Return only these lines: the one that contains "Haslemere after" and every line after it through the end of the listing, exactly, without pictures.

▸ **COLLECTED MATERIAL**
┌──

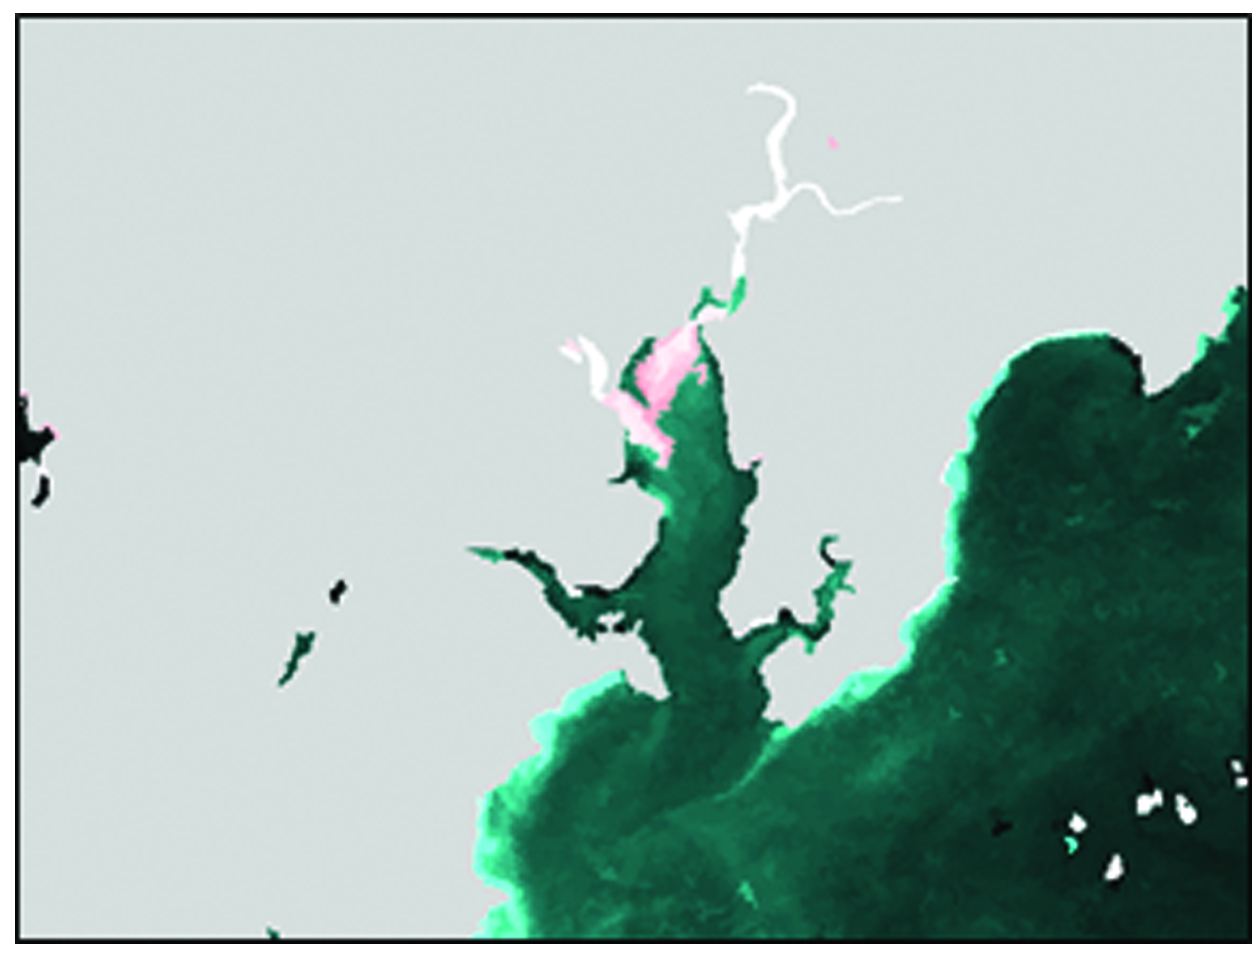 River plume extent determined using Landsat 8 data and image classification techniques. Mapped plume extent in red
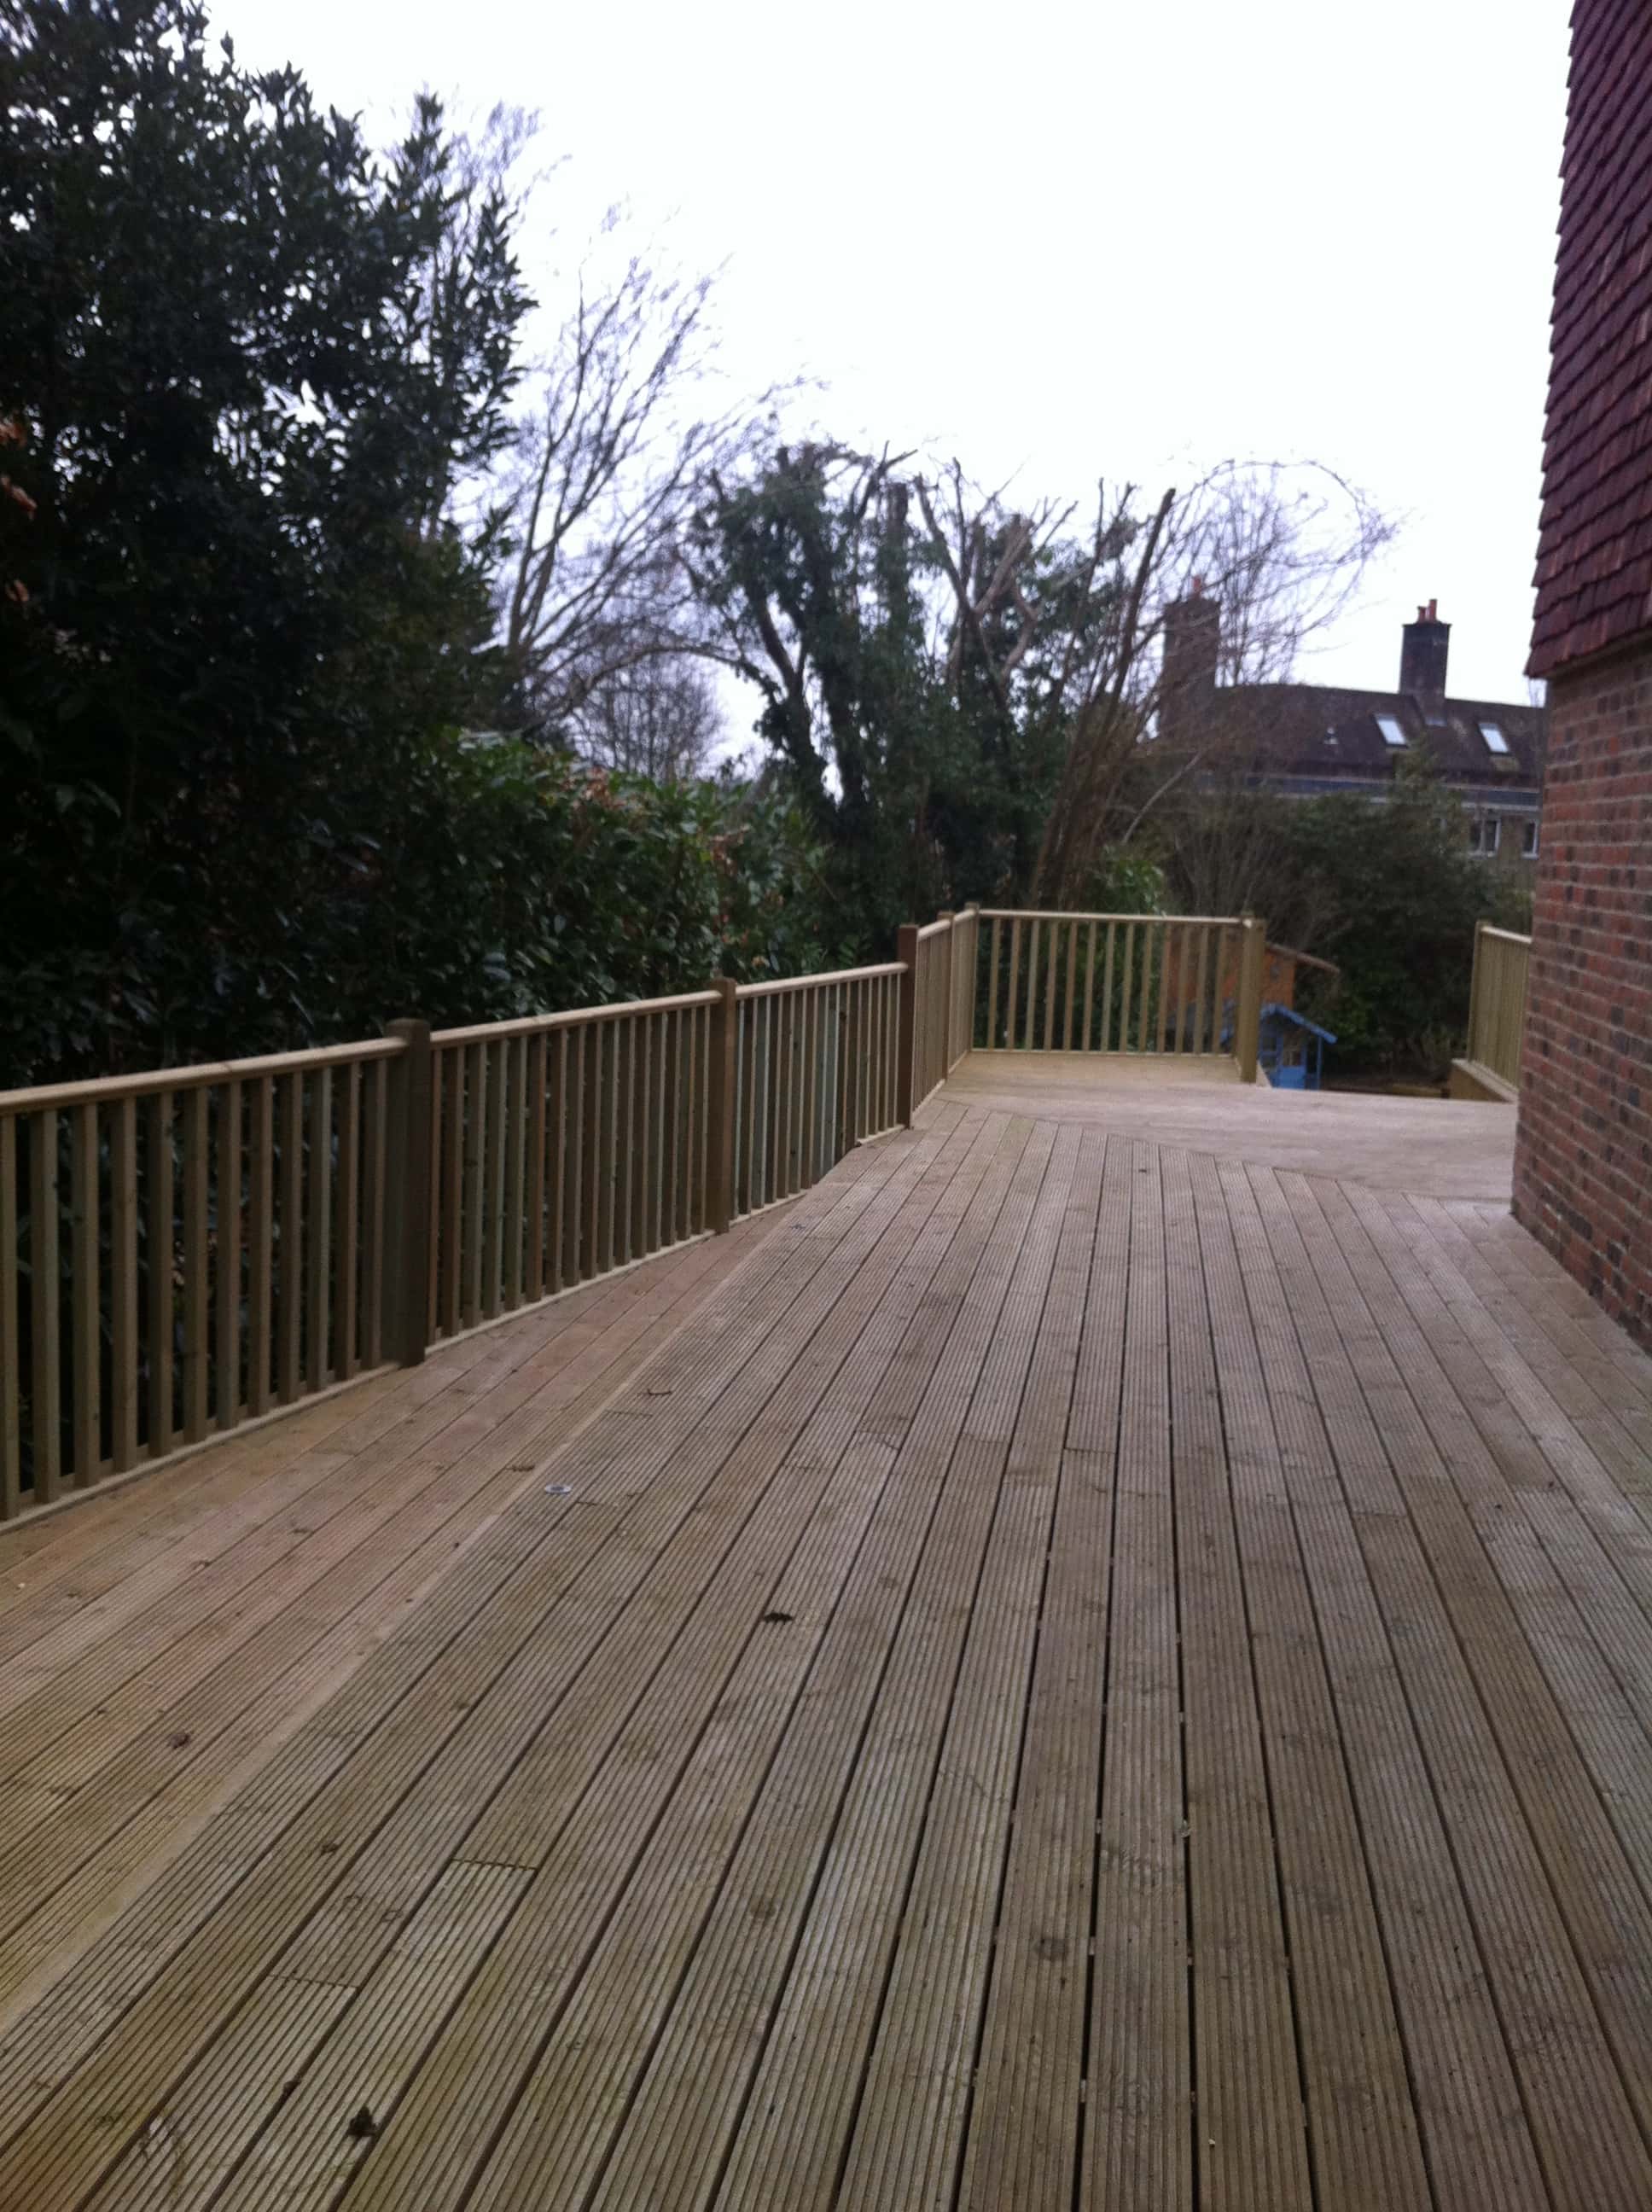 Haslemere after
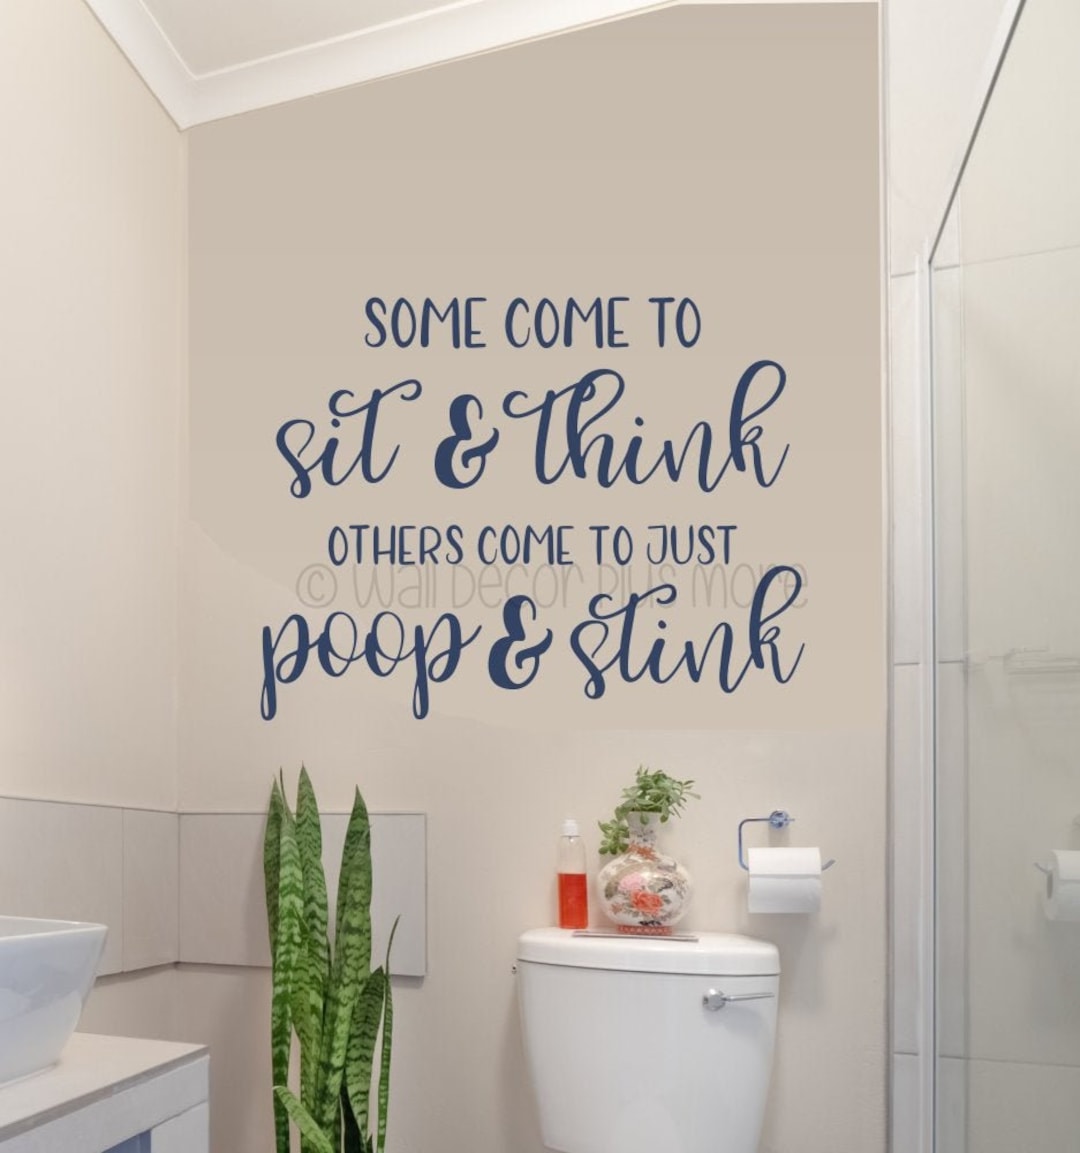 Toilet Sticker Mural French, Sticker Wall Quote Toilet

└──

▸ **REPLY TO THE EXERCISE**
 Haslemere after
 Toilet Sticker Mural French, Sticker Wall Quote Toilet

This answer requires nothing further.